I think this shows a significant misunderstanding of what chatgpt does fundamentally. It will never be able to do this unless also fed a description, location, and time of cars in a certain area as context beforehand(either as training data or a prompt). In either case you have access to the data and just need to do a simple search, so chatgpt is providing negative value since it's capable of providing results that don't exist in the dataset.

Similarly for your Goldman Sachs example, you're imagining that chatgpt is greater than it is. It is capable of providing something that would likely follow a given text on the internet at its time of training(aka it's training set) somewhere. It can't reason about new information or situations since it's incapable of reasoning. To believe that it could generate business strategies is to believe that effective business strategies don't require any intuition or reasoning to progress, just statistical recombination of existing strategies.
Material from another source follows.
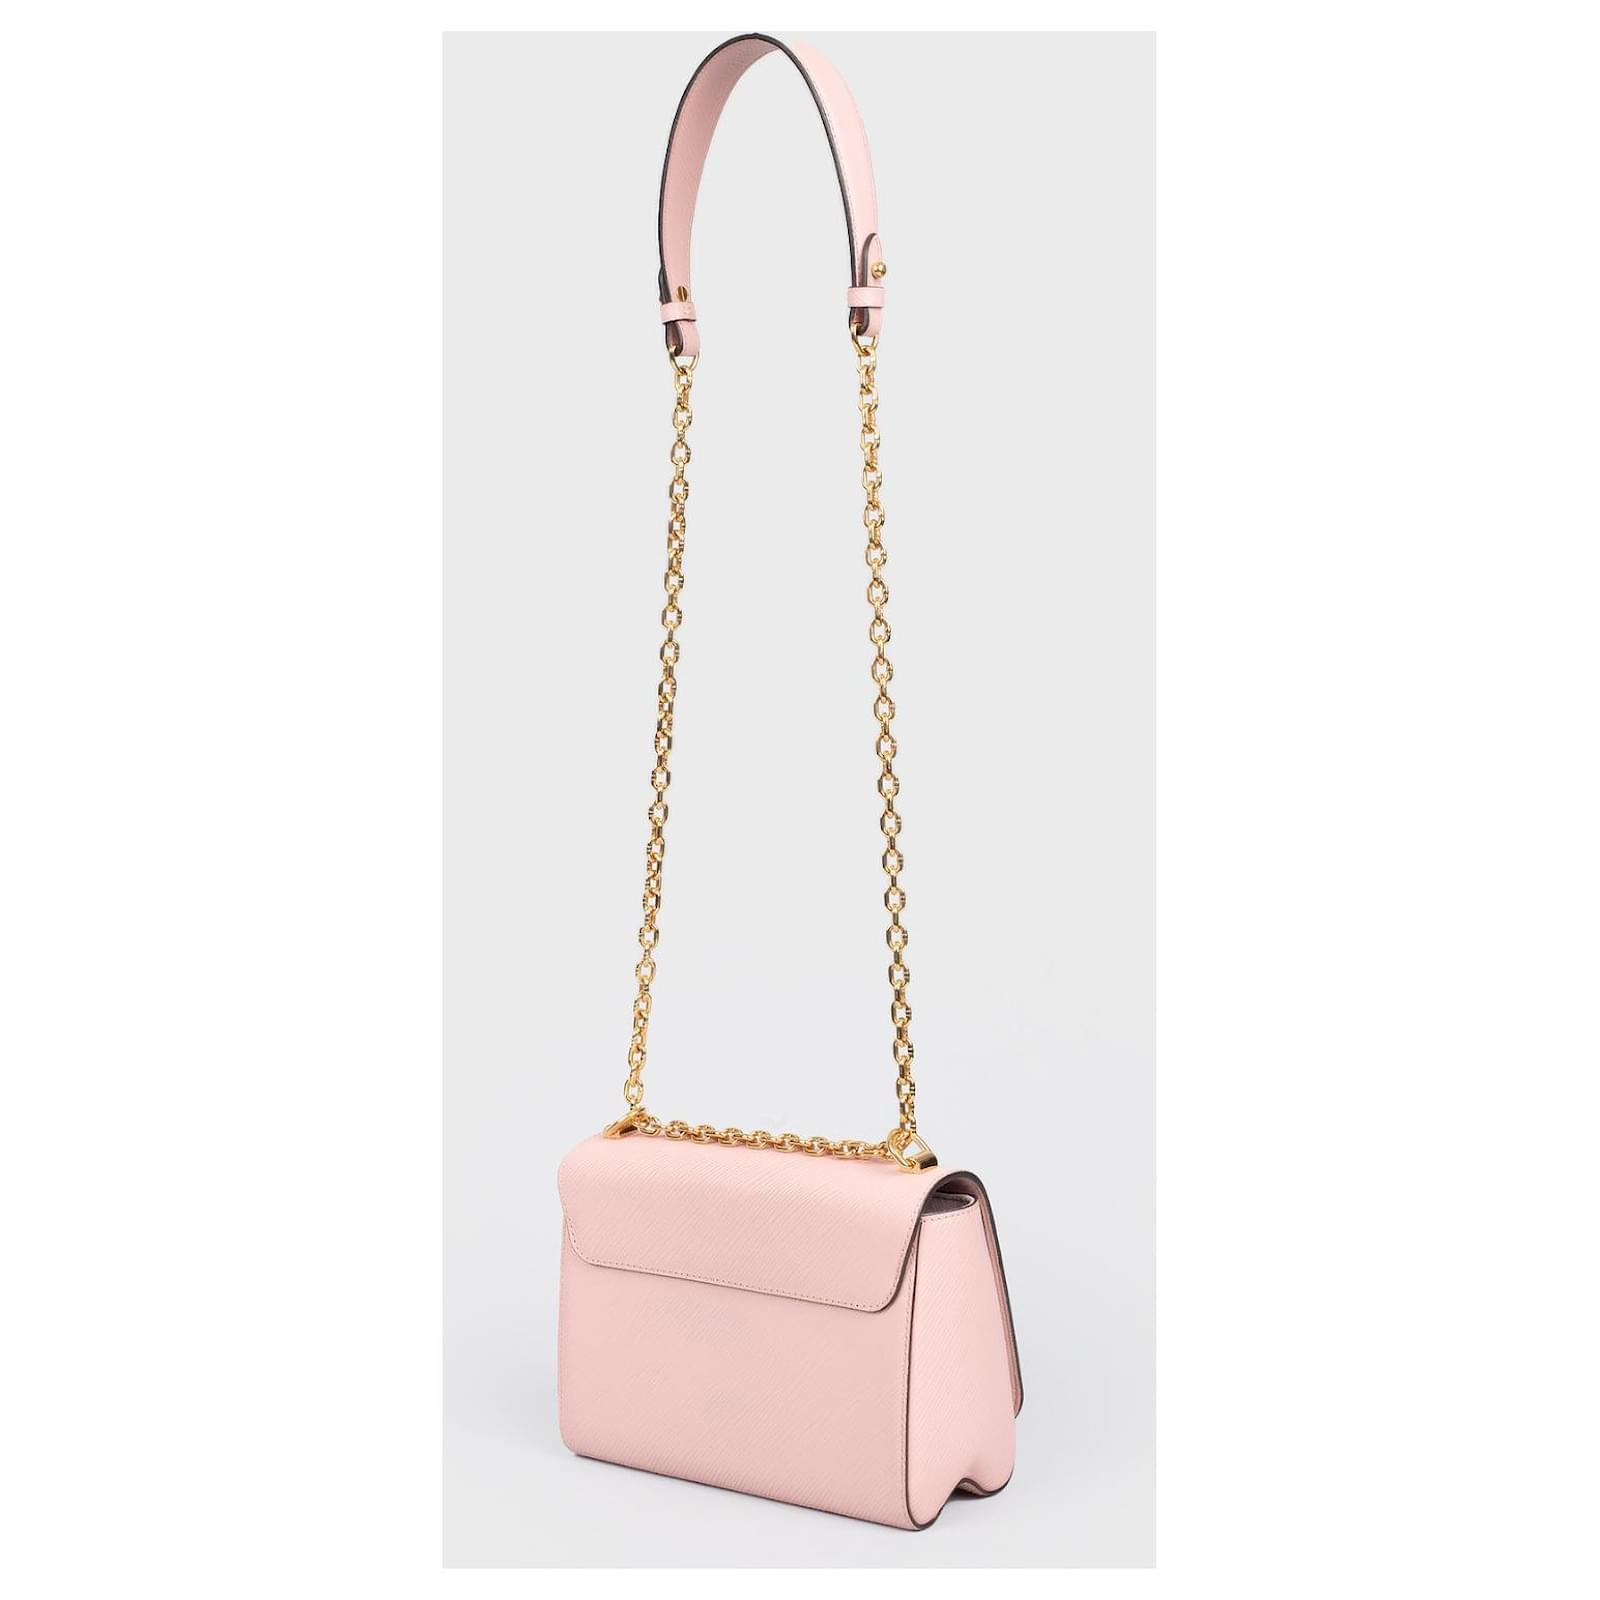 Louis Vuitton Limited Edition Twist Bloom Flower Black Epi Leather Handbag

> By increasing GDP, you elevate the standard of living and add to the comfort of life.

How do you reach this conclusion from the information presented? Why use GDP, a measure of the profitability of corporations, as a proxy for the standard of living instead of measuring the standard of living and seeing how it will be impacted directly instead of through many layers of abstraction.




>>How do you reach this conclusion from the information presented? Why use GDP, a measure of the profitability of corporations, as a proxy for the standard of living instead of measuring the standard of living and seeing how it will be impacted directly instead of through many layers of abstraction.

You are asking a question that is outside of scope here. GDP per capita has been used as a proxy for standard of living for quite some time now.


That proxy only works as long as nobody's optimising for it.

> Any observed statistical regularity will tend to collapse once pressure is placed upon it for control purposes. — Charles Goodhart

GDP (£) per capita in London has doubled since 1998. Has the standard of living "doubled" for the median person? What about the standard of living for the poorest 1%? Has the productivity boost due to automation translated into correspondingly shorter working hours, or correspondingly larger compensation for work done?

What questions do you actually mean to ask, when you talk about GDP?